Grosse Pointe Woods collecting items to send to Ukrainian refugees

Only days after announcing that it was collecting new items for Ukrainian refugees, Grosse Pointe Woods had received scores of needed goods, including winter coats, blankets, diapers, baby food and personal care products.

Photo by K. Michelle Moran

Collection boxes are placed in the Grosse Pointe Woods Community Center and Public Safety Department so that donations can be dropped off during and after regular weekday business hours.

Photo by K. Michelle Moran

GROSSE POINTE WOODS — As they flee from their war-ravaged homeland to find safety in neighboring countries like Poland and Romania, Ukrainian refugees make the long, dangerous trek to border crossings often with only the clothes on their backs.

While kind strangers are opening their homes to these refugees, their basic needs remain great, as they have to start over from scratch. Moved by the plight of Ukrainians driven from their homes by invading Russian troops, Grosse Pointe Woods officials are making it possible for Woods residents to help.

Woods City Administrator Frank Schulte said the Woods City Council voted unanimously March 7 in favor of collecting specific items for the refugees at Woods City Hall. The collection, which started March 9, is for new items only: winter jackets and sweaters for women and children, children’s clothing for all ages, blankets, hats, gloves, towels, diapers, toothpaste, toothbrushes, combs, soap, shampoo, deodorant, feminine hygiene products, nonperishable food items, baby food, baby bottles, baby wipes, Tylenol, children’s vitamins, foil blankets, pajamas, underwear, boots and backpacks.

“They were all for it,” Schulte said of the council. “They were very excited that they could help out.”

The Woods collection was the brainchild of Schulte’s wife, Betsy Schulte, who is the director of volunteers at Beaumont Hospital, Grosse Pointe, and Beaumont Hospital, Troy. She said she wanted to do something to aid the refugees and has been working with Beaumont officials to see what the hospital can contribute. She said she discovered the Ukrainian-American Crisis Response Committee of Michigan — an informal association of groups and individuals that assembled to address the crisis in Ukraine — and learned that it could get donated goods to Ukrainian refugees who have fled to Poland.

“They are willing to pick up items,” Betsy Schulte said. “They have contacts in Poland.”

Grosse Pointe Woods collecting items to send to Ukrainian refugees

She said that the Ukrainian-American Crisis Response Committee of Michigan has large trucks and can pick up donated goods from drop-off sites, after which they will sort through, label, package and ship those items to Poland, where refugees will be able to select whatever items they need.

There are two drop boxes at Woods City Hall: The one in the Woods Community Center is available for donations between 8:30 a.m. and 5 p.m. weekdays, while the one in the Public Safety Department is available after 5 p.m. and on weekends.

“Grosse Pointe Woods is doing a great job starting this donation process to help the refugees,” Betsy Schulte said. “The Grosse Pointe community could really make a big impact.”

She said the Grosse Pointe Public School System also is working on a plan to collect donations, although details hadn’t been finalized at press time.

Within days of announcing the collection, the Woods had gotten scores of donations, with those items quickly filling up a conference room being used to temporarily store them.

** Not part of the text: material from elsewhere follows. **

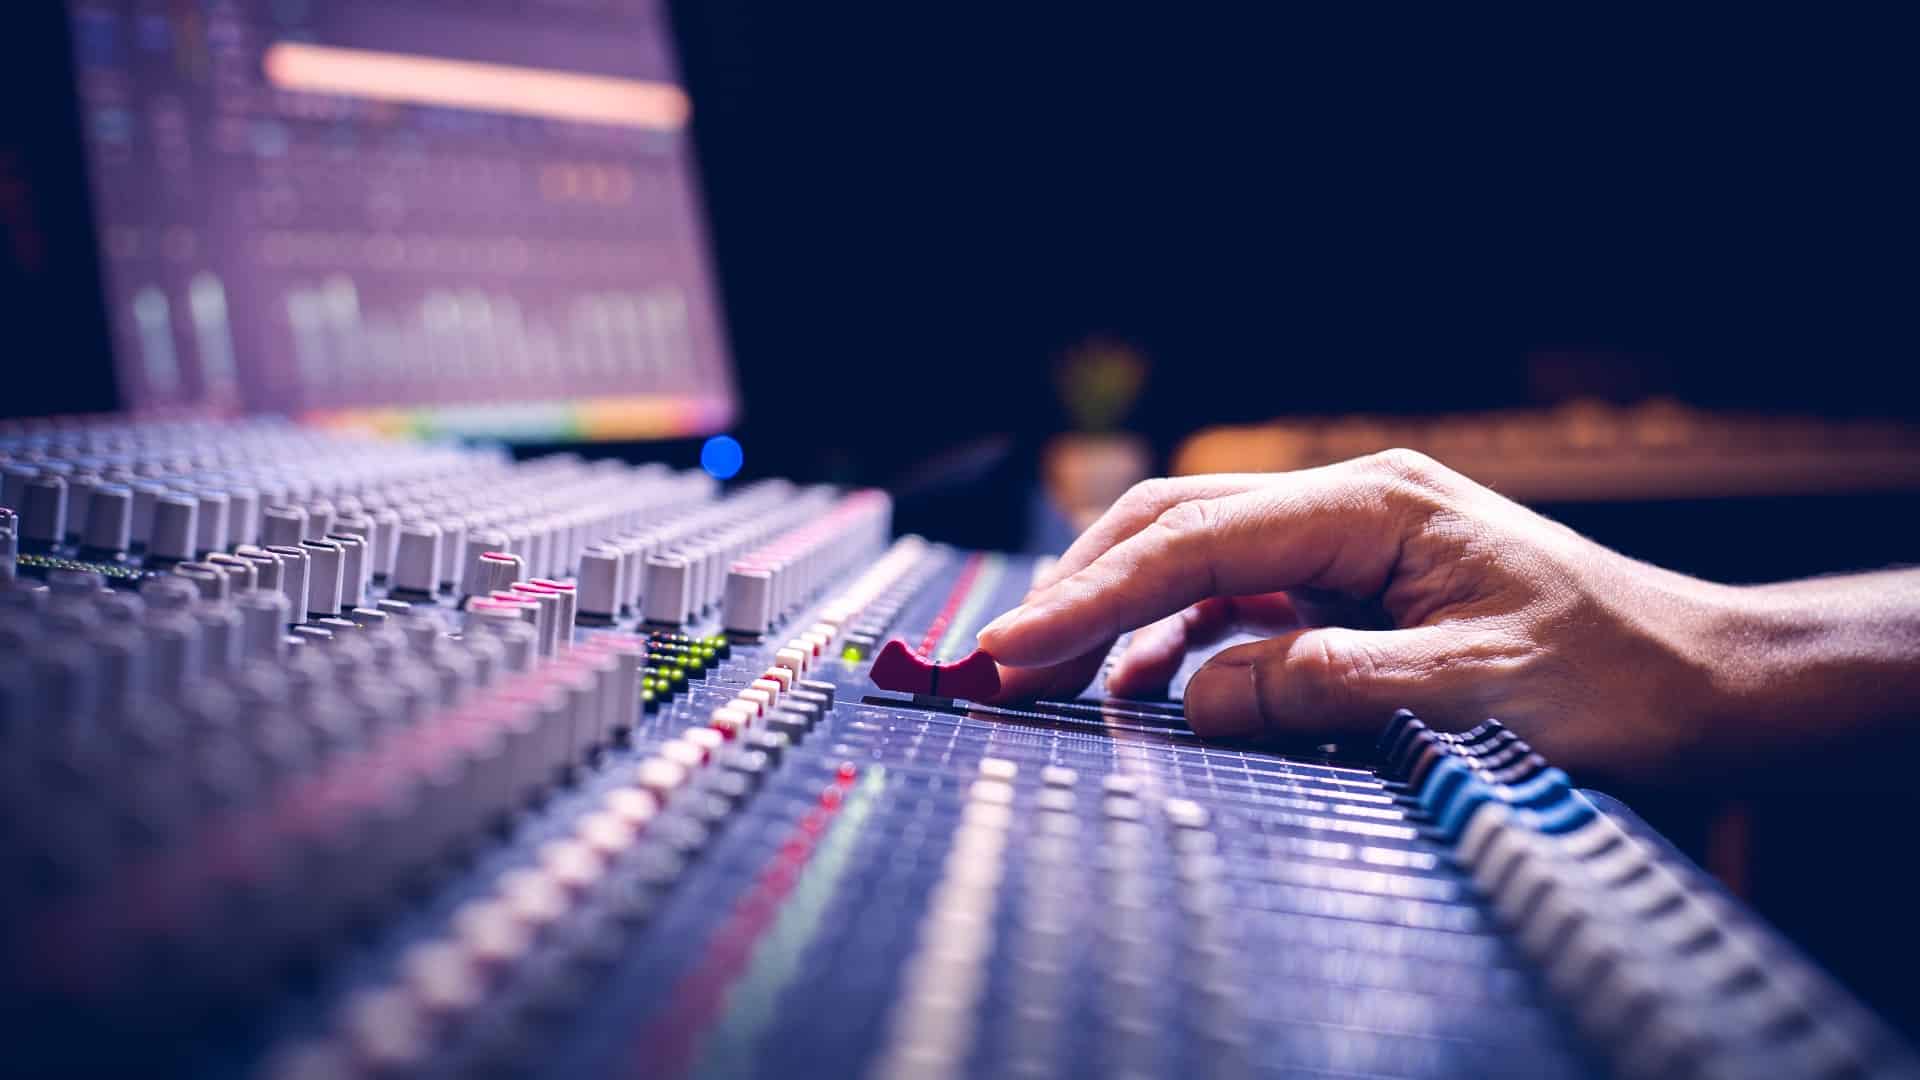 male producer, sound engineer hands working on audio mixing console in broadcasting, recording studio
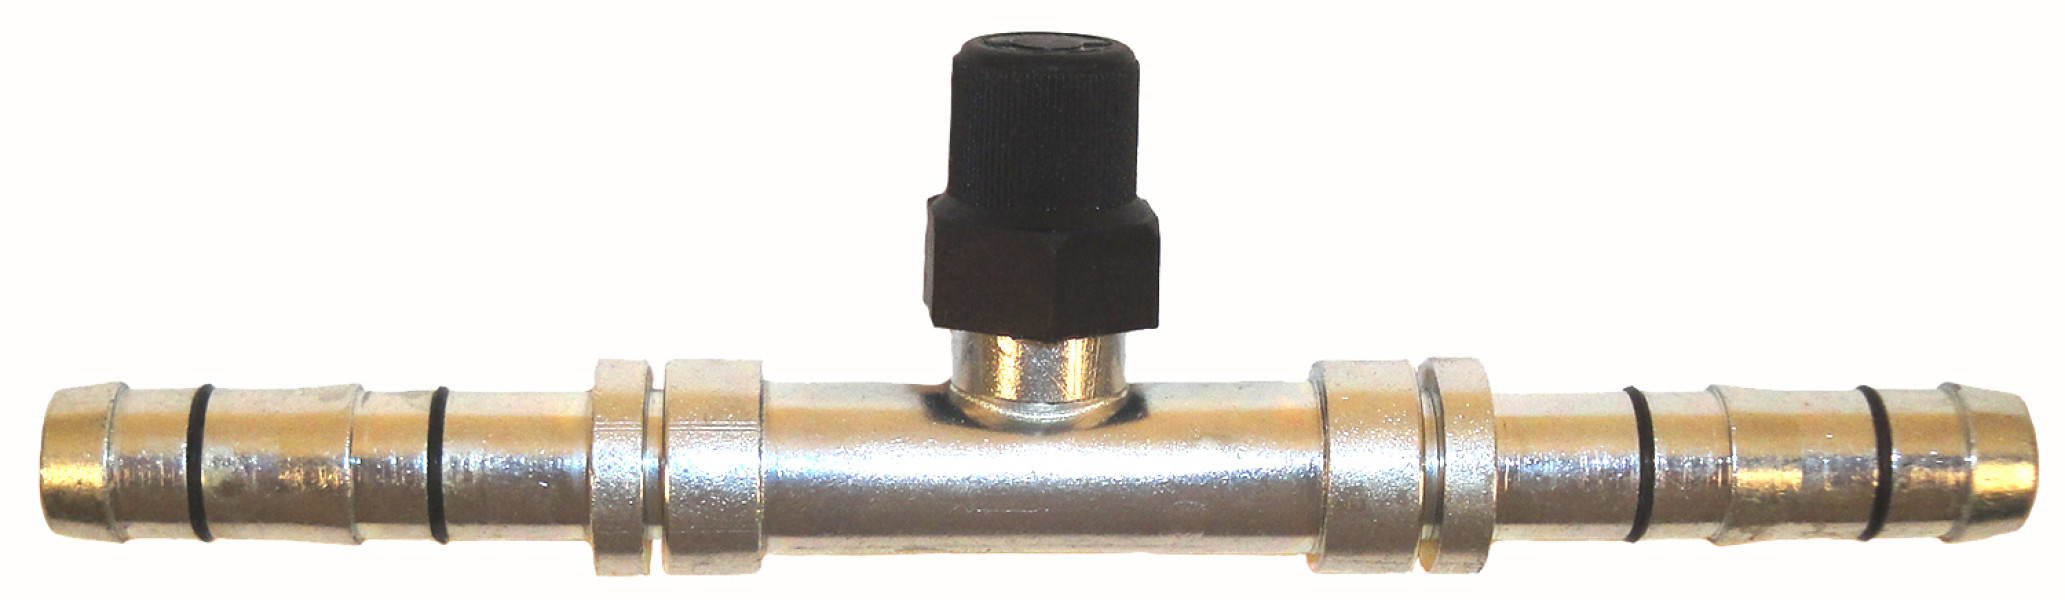 Image of A/C Refrigerant Hose Fitting from Sunair. Part number: FJ3427-0808S

Frank Schulte said the collection has been going “very well so far.”

“We got a lot of phone calls and some emails” after the city sent out an e-blast to residents, he said.

Frank Schulte said that because the city has limited space for the donated items, the city can only accept things from Grosse Pointe Woods residents. He said he’s been talking to other city leaders in the community who might establish collection sites in their cities. Churches and other organizations can host collections, too, and some congregations in metro Detroit have already done this.

“We were the leaders (in the Pointes), but others can pick up the torch and run with it,” Frank Schulte said.

Ukraine might be far away and the tragedy there overwhelming, but as this and other collections show, there are ways local residents can lend a hand.

“Look for the helpers,” said Betsy Schulte, quoting children’s television icon Mr. Rogers. “There’s always something you can do.”

At press time, the end date for the Woods collection was March 27, but it could be extended.

“We’re going to take it one step at a time,” Frank Schulte said. “The need is going to be there for a long time.”